Thomas M. Murray, renowned as an expert on structural steel design, who established leading structural engineering research labs at the University of Oklahoma and Virginia Tech, and was a distinguished member of ASCE, has died. He was 84.

“As a structural engineer and colleague, Tom was a professional extraordinaire,” said Mark Widdowson, department head of the Charles E. Via, Jr. Department of Civil and Environmental Engineering at Virginia Tech. “Tom gave of himself in the classroom where he shared his insights and experience, and [his] emeritus status did not diminish his commitment to students and faculty.”

Murray, P.E., Ph.D., NAE, F.SEI, Dist.M.ASCE, conducted research that led to significant improvement in the economy and safety of steel-framed buildings, recognized since 2012 with membership in the National Academy of Engineering. He was a professor for 17 years at the University of Oklahoma before joining Virginia Tech in 1987. He spent a year in between as a U.S. Air Force Academy distinguished visiting professor.

Murray led the construction of large laboratories from scratch at Oklahoma and Virginia Tech, the latter into the fifth-largest structural engineering research laboratory in the nation. His research and teaching interests also took in steel connections, serviceability, preengineered building design, and light gauge design.

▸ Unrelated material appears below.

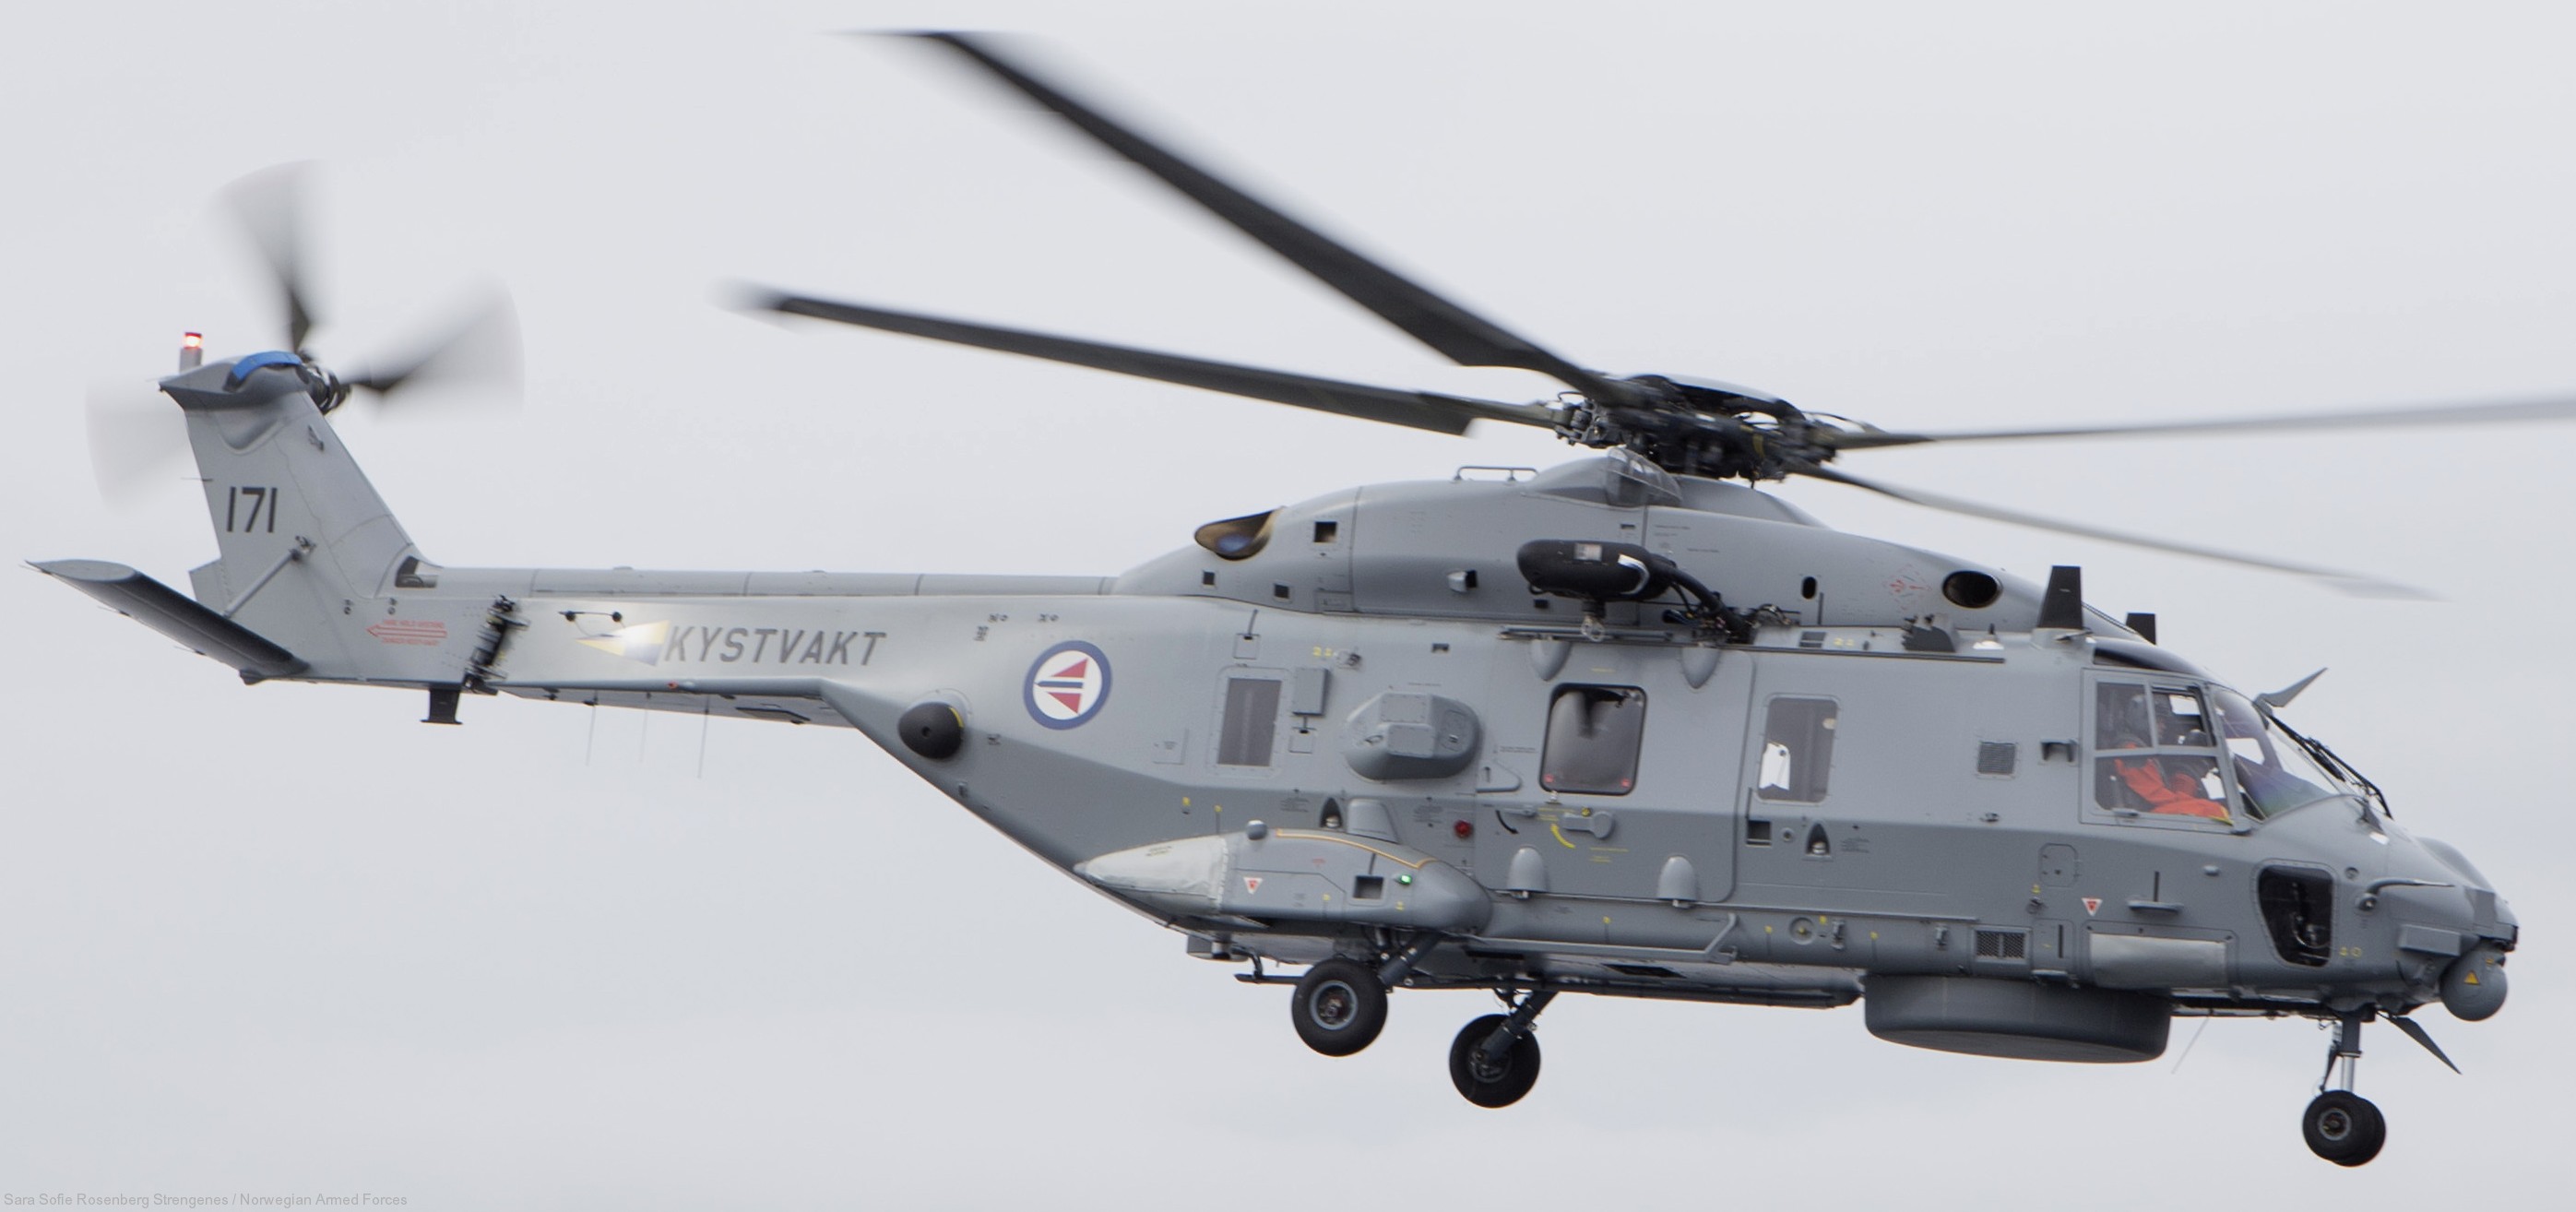 nh90 nfh asw helicopter royal norwegian coast guard navy air force kystvakt sjoforsvaret 171 02
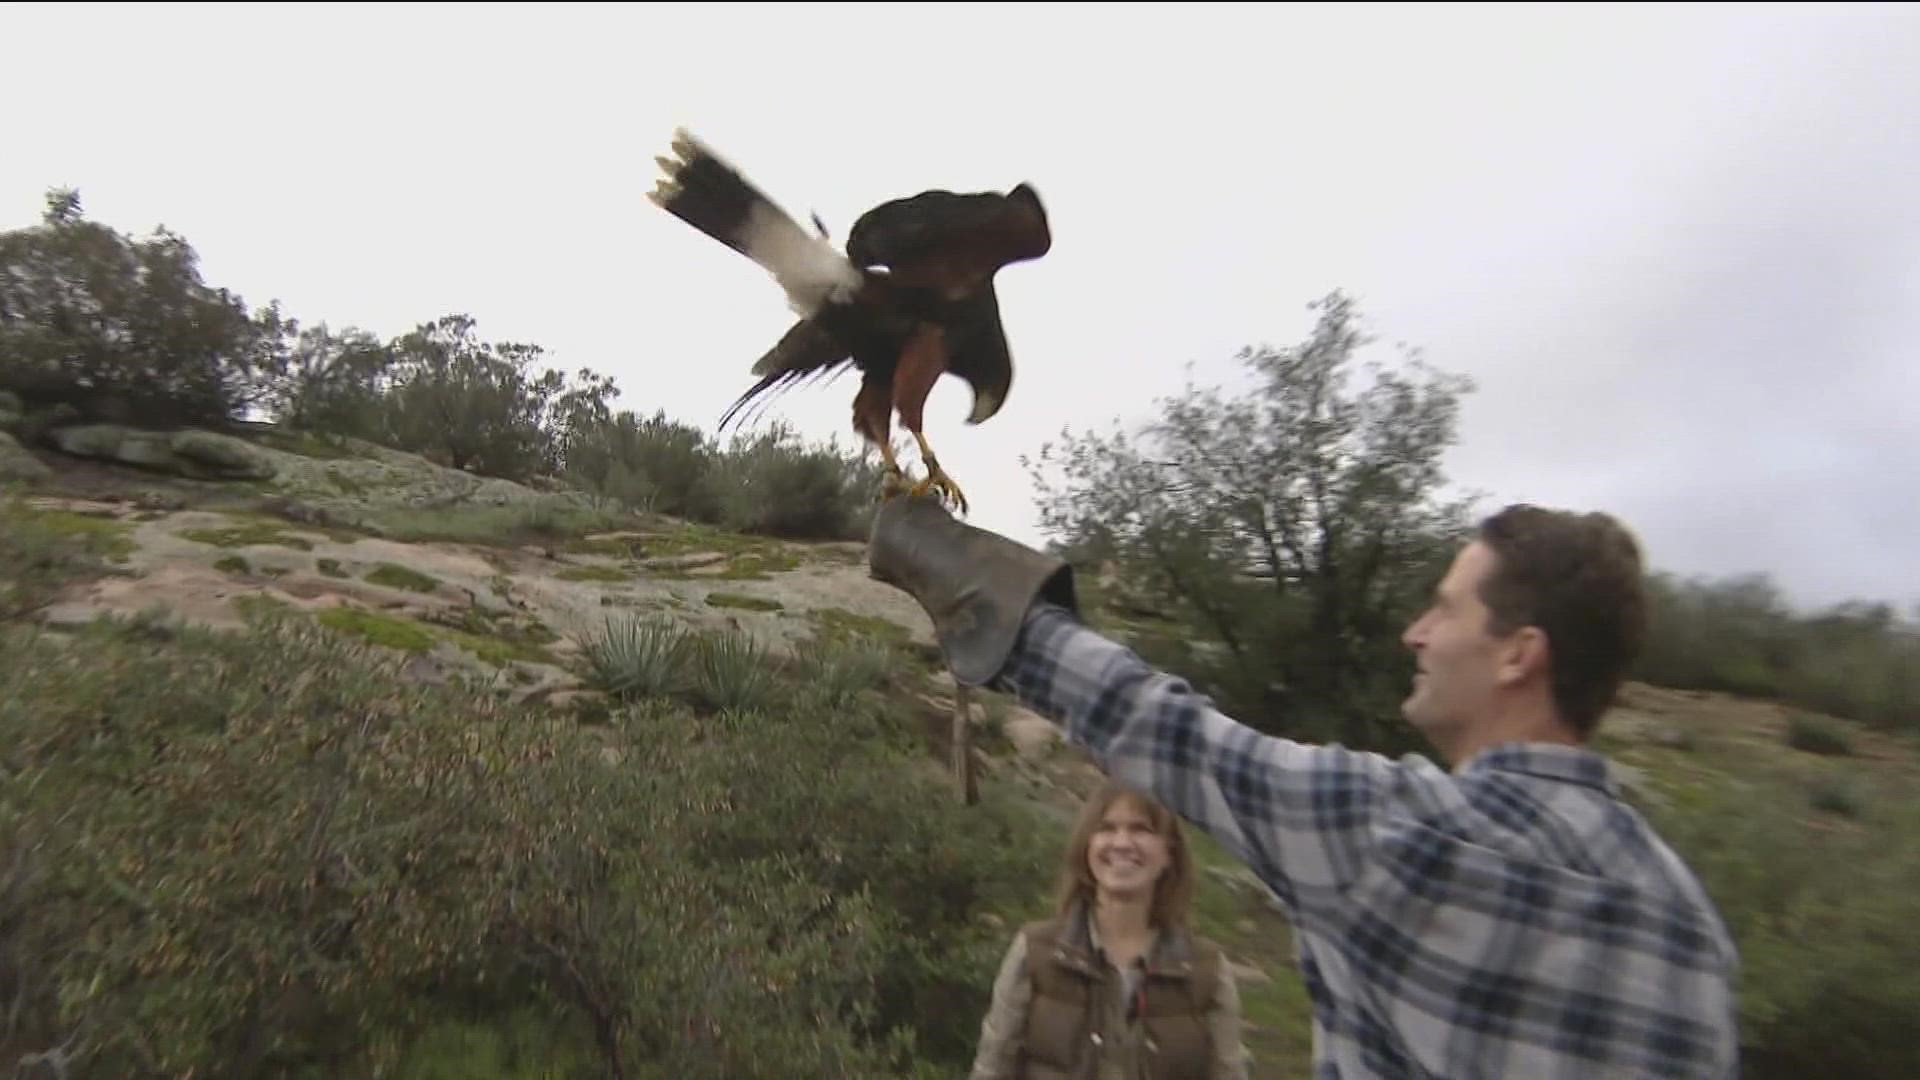 The Avian Behavior Ranch offers 'Art of Flight' experiences starting at $77.

He formed Structural Engineers Inc., a firm that established his reputation as the “floor vibration guru.” He authored or co-authored more than 200 books, design guides, and  papers, 200 research reports, and supervised about 150 graduate student theses and dissertations. Murray traveled the world making more than 250 presentations to structural engineering groups. He shared his expertise with the American Institute of Steel Construction and its specification and manual committees, and the American Iron Institute Specification Committee.

At Virginia Tech, Murray was named the Montague-Betts Professor of Structural Steel Design, and in 2006 he received the Outstanding Faculty Award from the State Council of Higher Education in Virginia. He retired in 2008 as a professor emeritus.

Murray was a life member of ASCE, and was accorded Distinguished Member status in 2012.

AISC honored Murray extensively, in 1977 with the T.R. Higgins Lectureship Award, with its AISC Lifetime Achievement Award in 2007, and with the AISC Geerhard Haaijer Award for Excellence in Education in 2010.

He graduated from Iowa State University with a bachelor’s degree in 1962, received a master’s degree in civil engineering at Lehigh University and a doctoral degree in engineering mechanics at the University of Kansas. The University of Kansas School of Engineering awarded him its Distinguished Engineering Service Award in 2004. 

In 2021, a gift to Virginia Tech from Murray established the Thomas M. Murray Family Junior Faculty Fellowship, which supports teaching and research excellence in the department.